The fur edge trimming device was an accessory to the fur sewing machine. It was also presented by Pfaff at about the same time as the outlet cutting machine. With it, the skins that were left out were automatically cut off when the left out strips were sewn together, usually a time-consuming and uncomfortable manual work. However, it does not appear to be known whether the device went into large-scale series production.

See also

Commons : omitted, omitted processed furs  - collection of images, videos, and audio files
Commons : Fur Processing  - Collection of Images, Videos and Audio Files
Commons : Skinning techniques  - collection of images, videos and audio files

supporting documents

  1. a b c d e f Hans Quaet-Faslem, Martin von Schachtmeyer: Pelz 1: Introduction to the technique of changing fur through cuts. 3. Edition. Central Association of the Furrier Handicraft (publisher), Bad Homburg, 1985.
  2. ^ Heinrich Lomer: The smoke goods trade. History, operation and commodity knowledge . Leipzig 1864, pp. 54-55.
  3. ^ Friedrich Malm, August Dietzsch: The art of the furrier. Fachbuchverlag Leipzig 1951, p. 92.
  4. Item 3 of the master craftsman's regulations, in the translation by Paul Schöps: "Let out a marten" as follows: should make 3/4 of a length even so that you can see the hair, and he should also remove the dirt from his aigen feathery the marten without harm, full half a mile long, and four-part braid. Ess should also be stained by the same, nothing left over, and nothing left behind. He is also supposed to bid the schwerkh to the caps and the marten. and prepare, is never right. "
  5. Dr. Paul Schöps, manuscript dated February 17, 1978: Meisterstücke . Pp. 3-4. G. & C. Franke collection
  6. Denis Diderot and Jean de Rond d'Alembert: Encyclopédie, ou dictionaire raisonne des sciences, des arts et des métiers. Figure 17 Fourreur, Coupe de Peaux. Paris, 1762-1777.
  7. Simon Greger: The furrier art . 4th edition, Bernhard Friedrich Voigt; Weimar 1883, pp. 188–190, 198 (130th volume in the series Neuer Schauplatz der Künste und Handwerke ).
  8. ^ Wilhelm Schnell: Wilhelm Schnell, Berlin . In: The German fur industry and its associations 1900-1940, attempt at a story . Berlin 1941 Volume 4. Copy of the original manuscript, p. 291 ( → table of contents ).

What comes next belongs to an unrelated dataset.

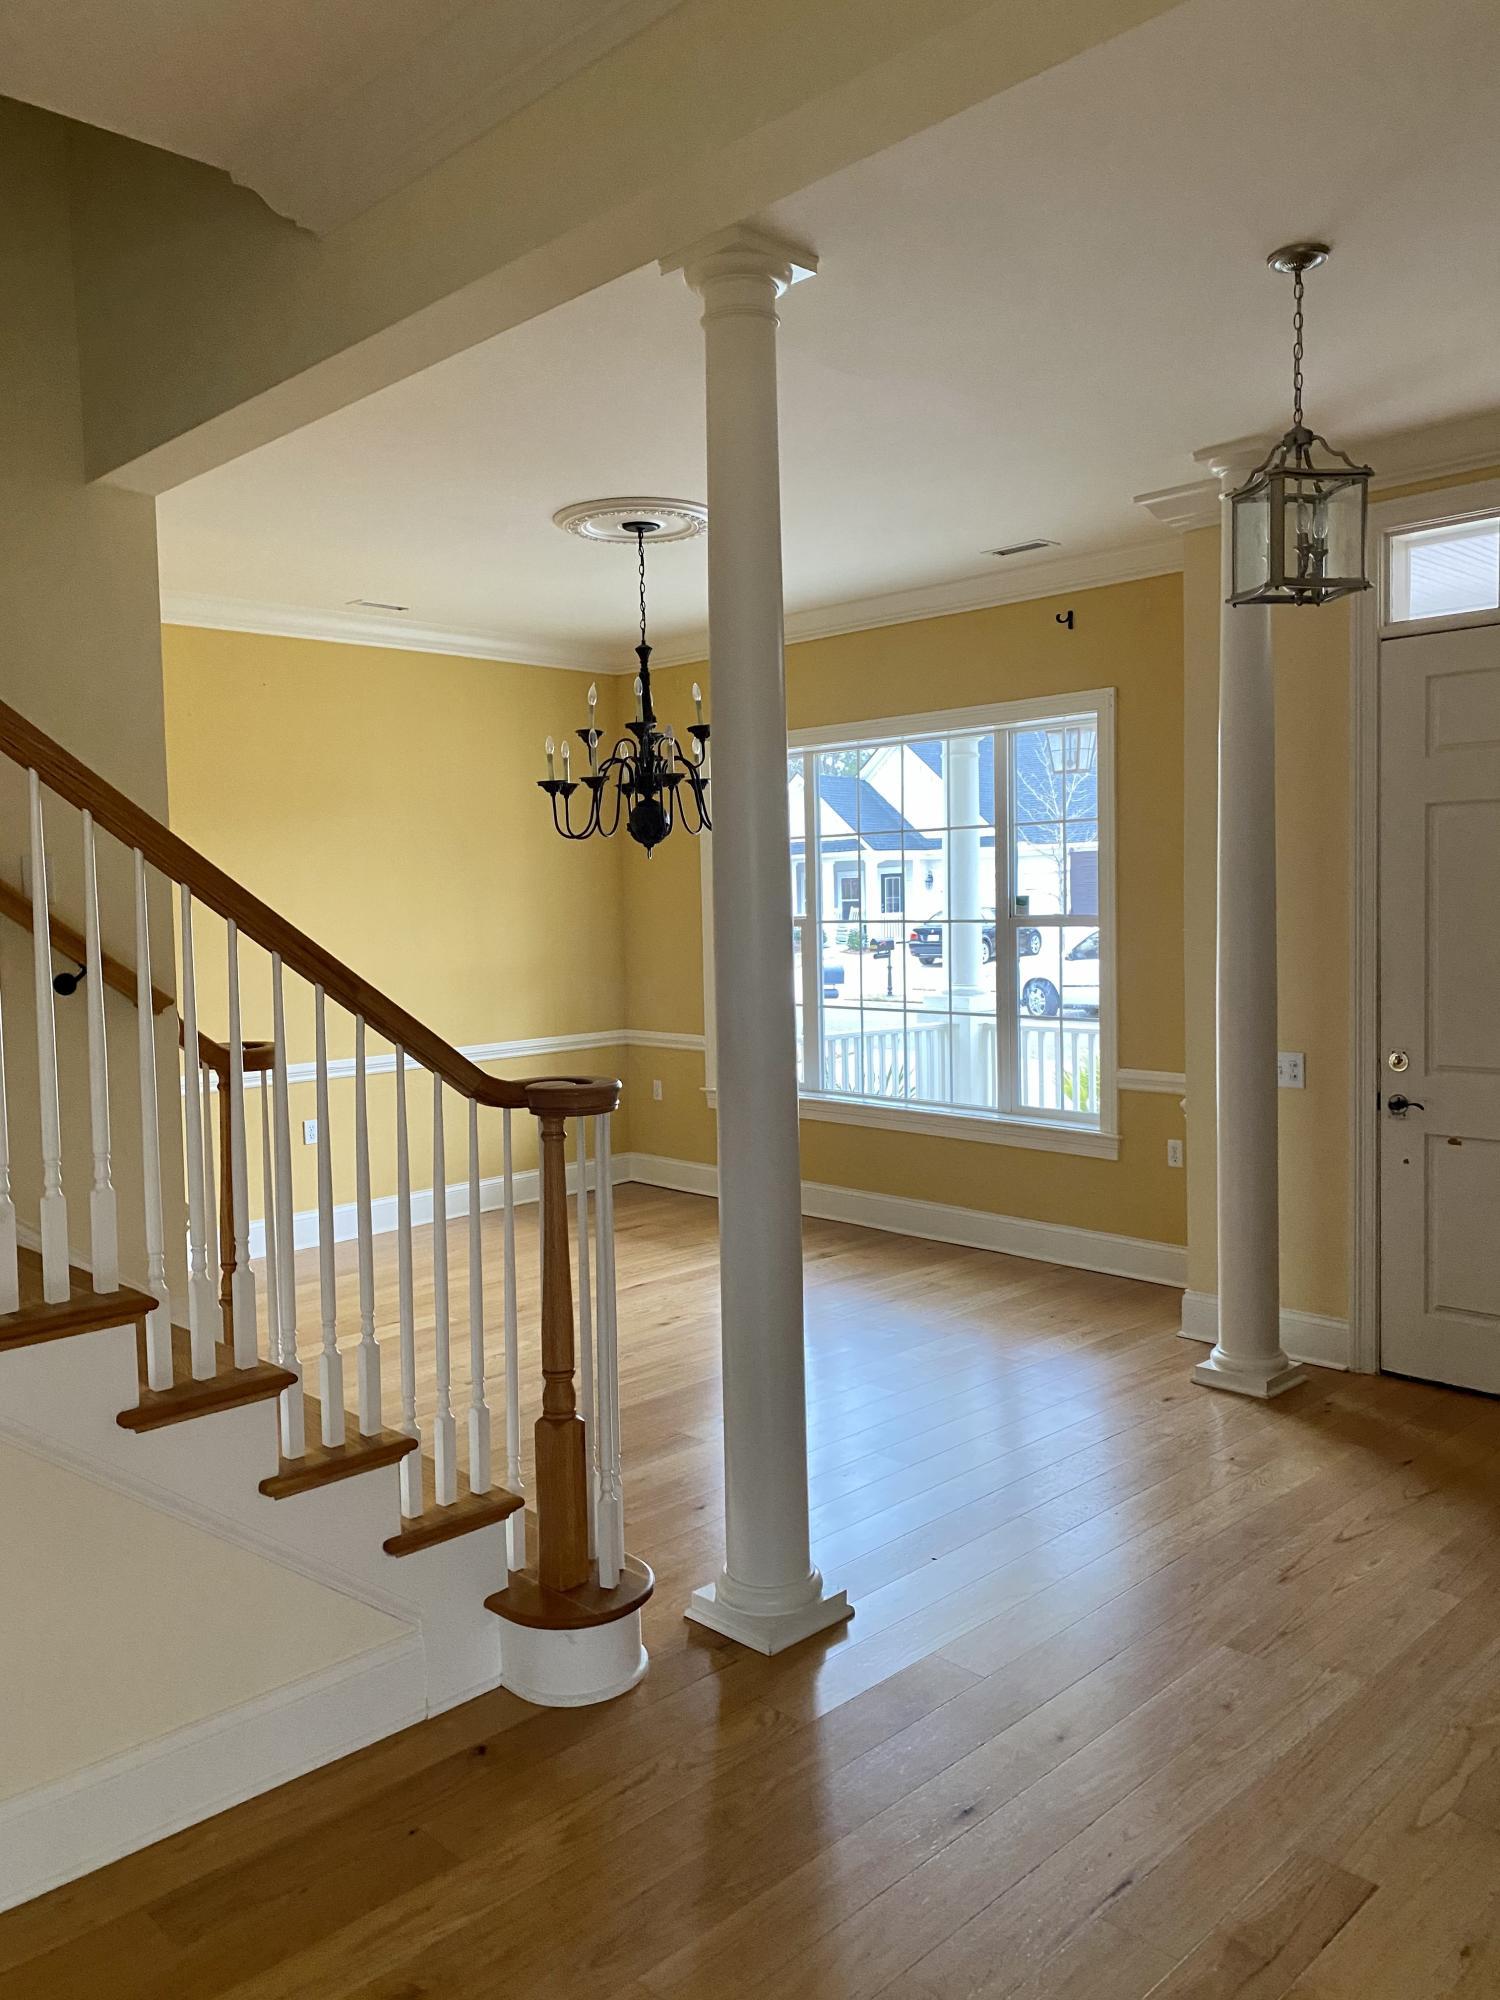 Park West Homes For Sale - 3090 Rice Field, Mount Pleasant, SC - 3

  9. Paul Larisch , Josef Schmid: The furrier craft. 1st year No. 1 + 2, October / November 1902, self-published, Paris, p. 4.

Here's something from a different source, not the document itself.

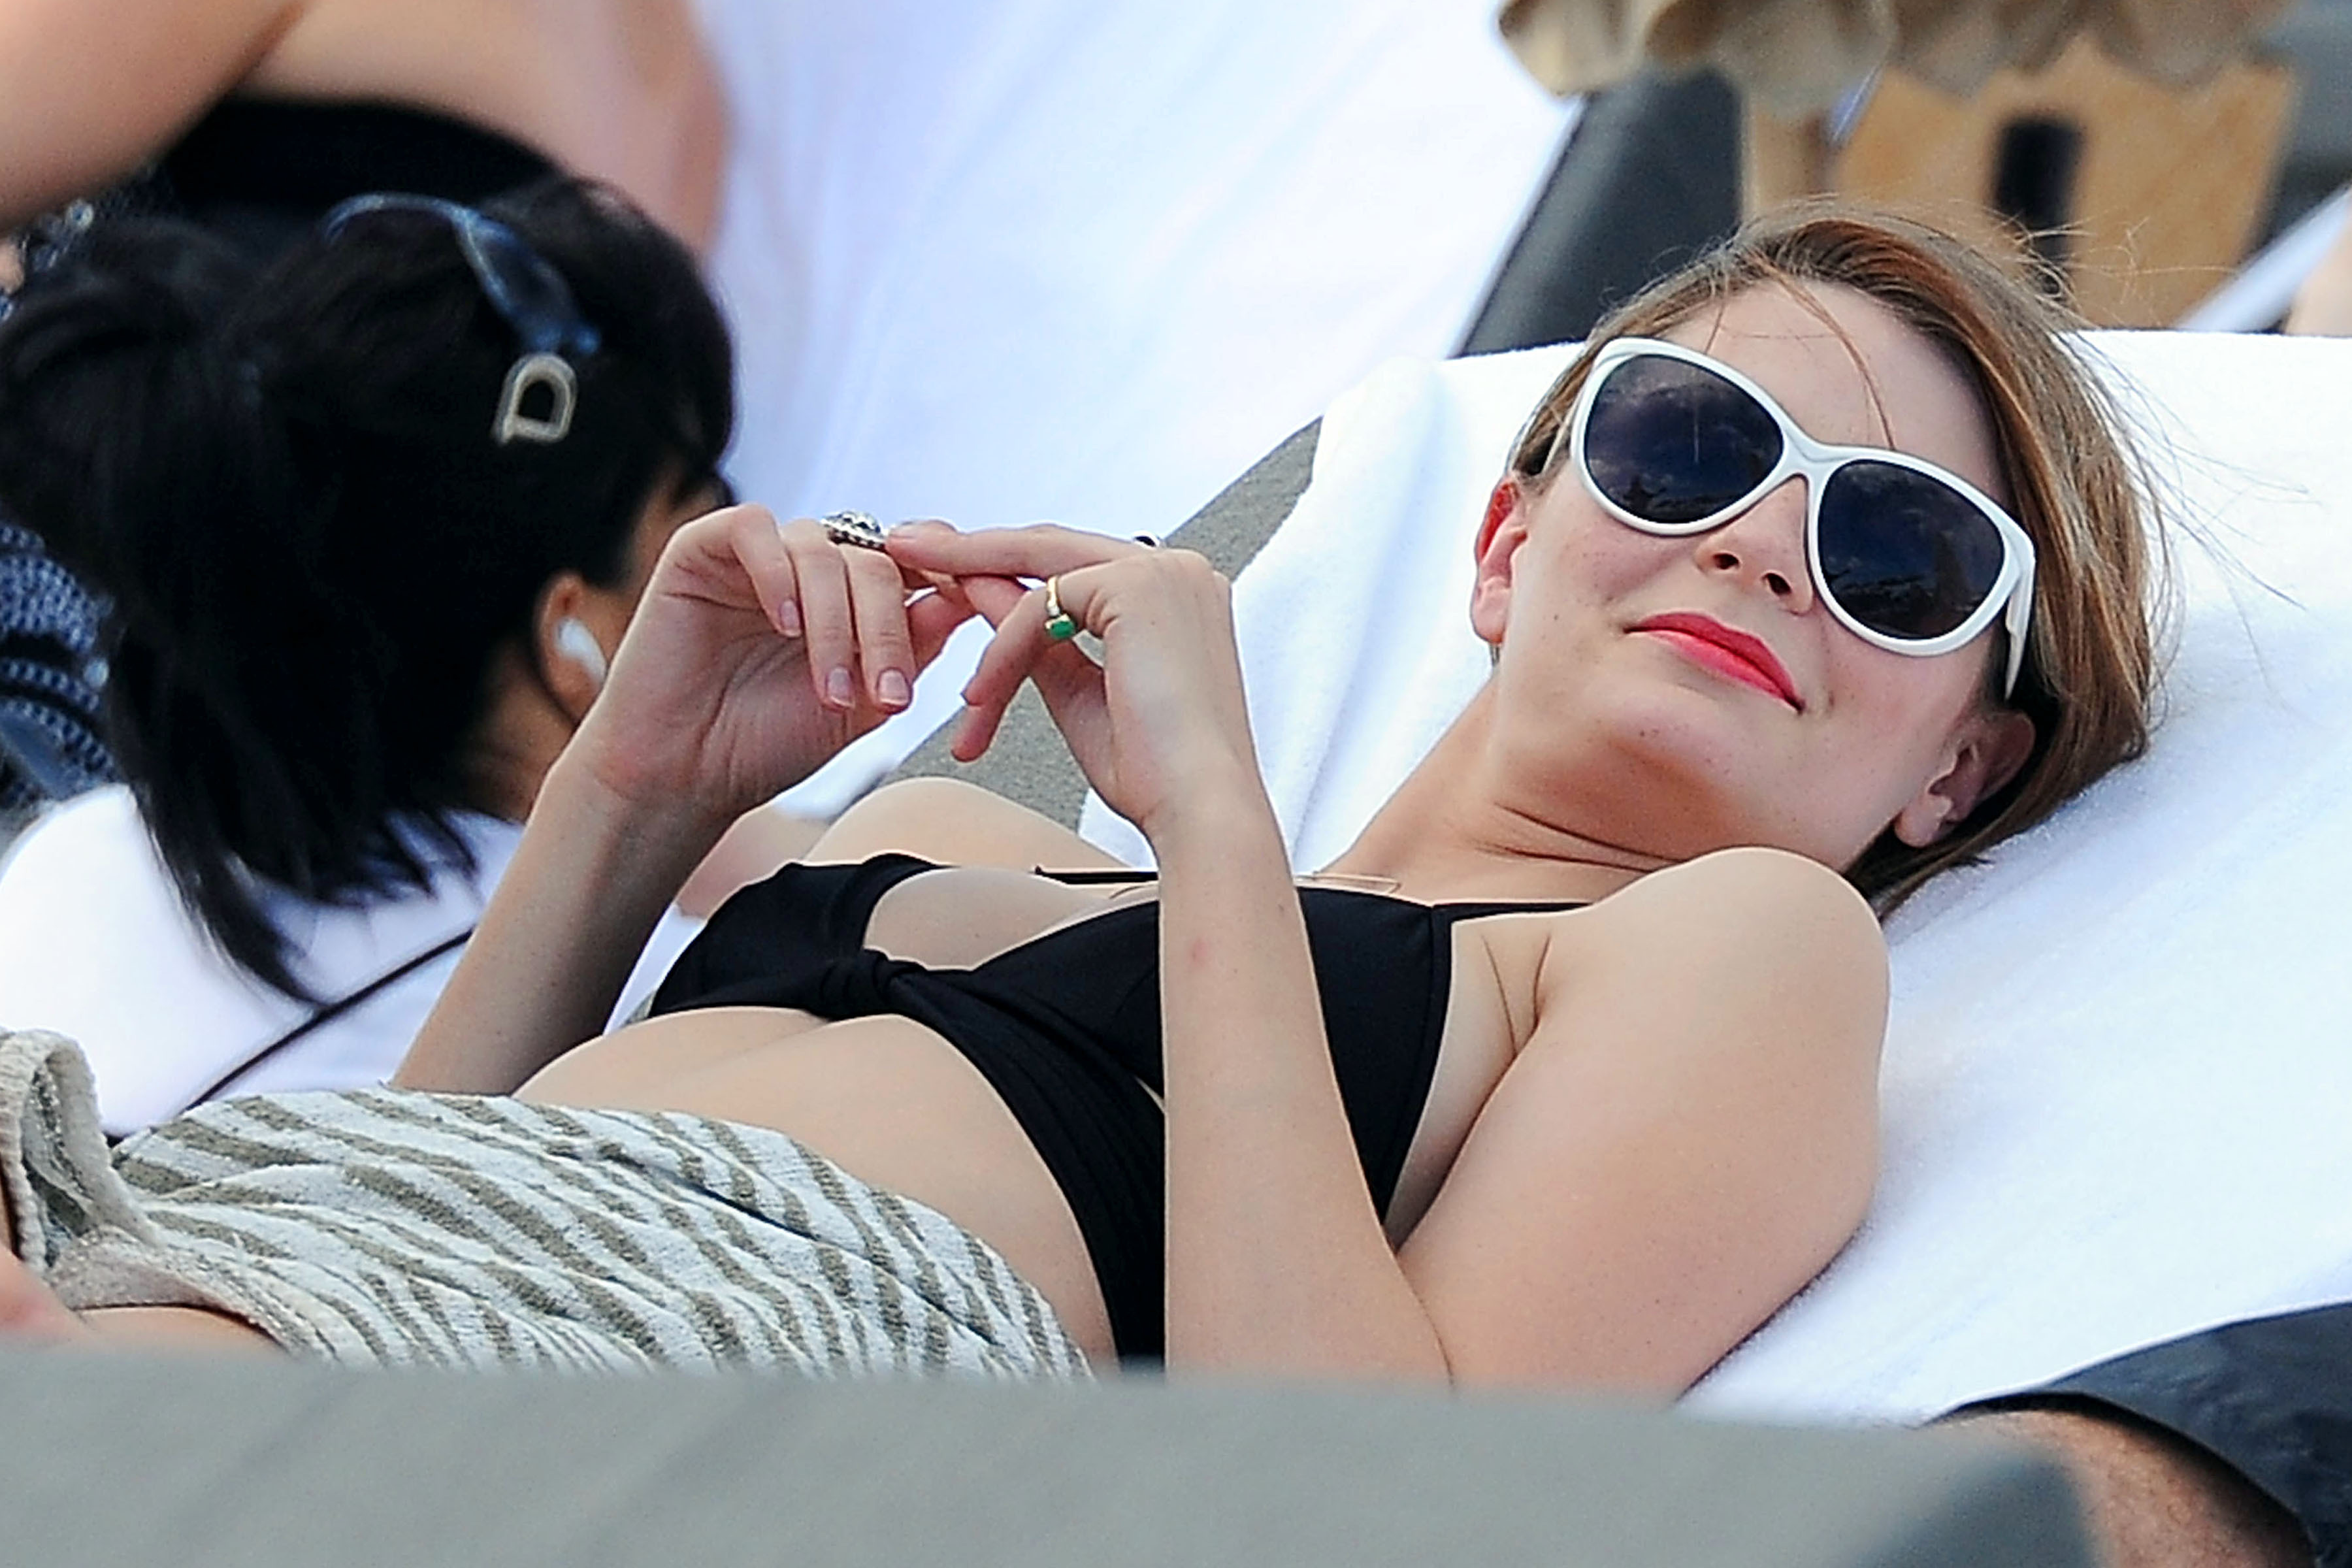 311872761_Mischa_Barton_Bikini_Candids_on_the_Beach_in_Miami_December_27_2011_124_122_70lo.jpg

  10. ^ Jean Heinrich Heiderich: The Leipziger Kürschnergewerbe . Inaugural dissertation at the philosophical faculty of the Ruprecht-Karls-Universität zu Heidelberg, Heidelberg, 1897, p. 101.

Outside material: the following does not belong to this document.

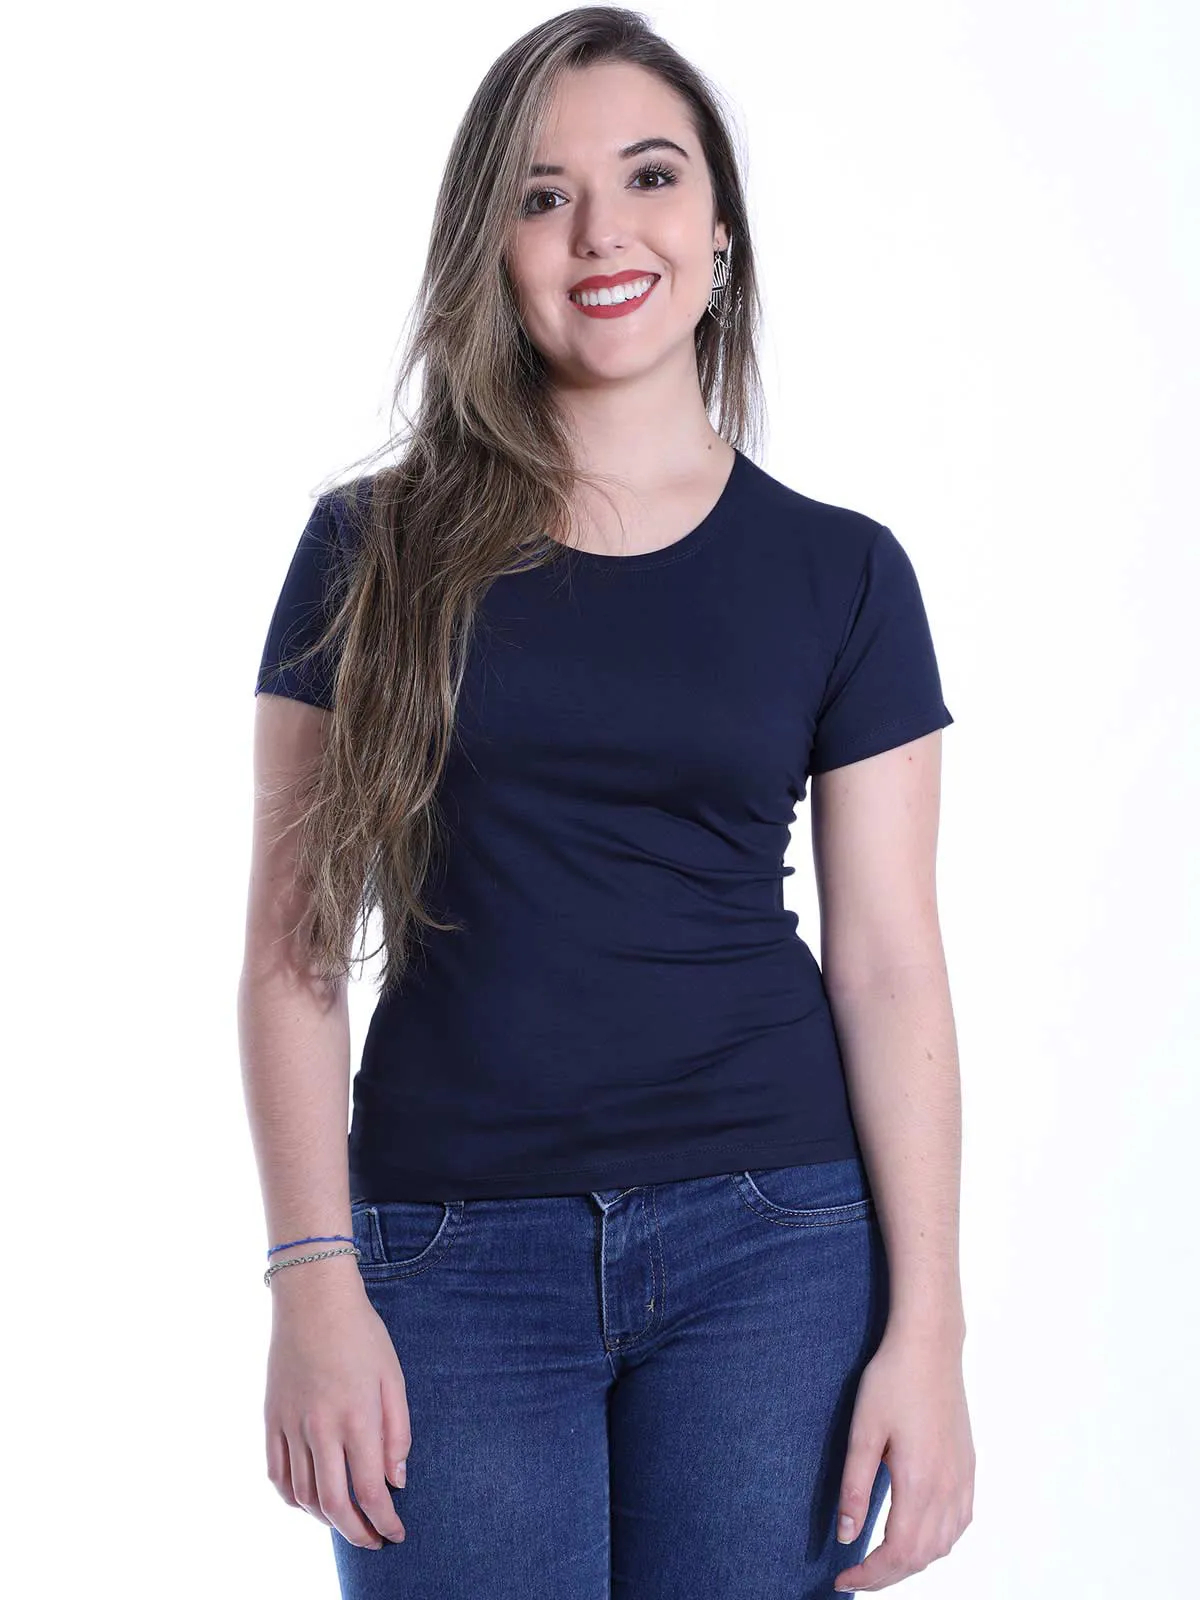 Baby Look Feminina Básica Lisa Viscolycra Decote Redondo Azul Marinho

  11. Paul Larisch , Josef Schmid: The furrier craft . 1st year, No. 1 + 2, self-published, Paris, October-November 1902, p. 31.
  12. ^ A b c Samuel Raphael: Advanced Fur Craftmanship . Fur Craftmanship Publishers, New York 1948, pp. 32-36, 136 (English) .
  13. a b Hans Quaet-Faslem: Comparative about the mink omission. In: All about fur. Issue 12, December 1957, pp. 14-16.
  14. Arthur Samet: Pictorial Encyclopedia of Furs . Arthur Samet (Book Division), New York 1950, p. 141 (English).
  15. a b c d Author collective: Manufacture of tobacco products and fur manufacture . VEB Fachbuchverlag Leipzig, 1970, pp. 344–398.
  16. Without mentioning the author: J. Strobel & Sons - Rittershausen . In: Rund um den Pelz International No. 6, June 1972, p. 16.
  17. ^ Author collective: Der Kürschner. Technical and textbook for the furrier trade. 2nd, revised edition. Vocational training committee of the central association of the furrier trade (ed.), JP Bachem publishing house, Cologne 1956, pp. 28–67.
  18. ^ A b Hans Quaet-Faslem, Martin von Schachtmeyer: Pelz 3: Process for shaping fur. Central association of the furrier trade (publisher), Bad Homburg 1977.
  19. Rudolf Toursel : Working with the fur-cutting machine. November 1964.
  20. ^ Homepage of the Germain Martens company: About us ( Memento from November 25, 2015 in the Internet Archive ). Retrieved August 27, 2018.
  21. GM Fur Cutting Systems: The GM flatbed cutter for mink skins . Company prospectus, undated.
  22. Cutsewmat. Pfaff brochure no. 296: We won't put a louse in your fur…. Kaiserslautern April 1983.
  23. Without the author's details : Again something new from Pfaff: After the automatic skin outlet, now the skin edge trimming device. In: The fur industry. Issue 4, April 7, 1982, p. 182.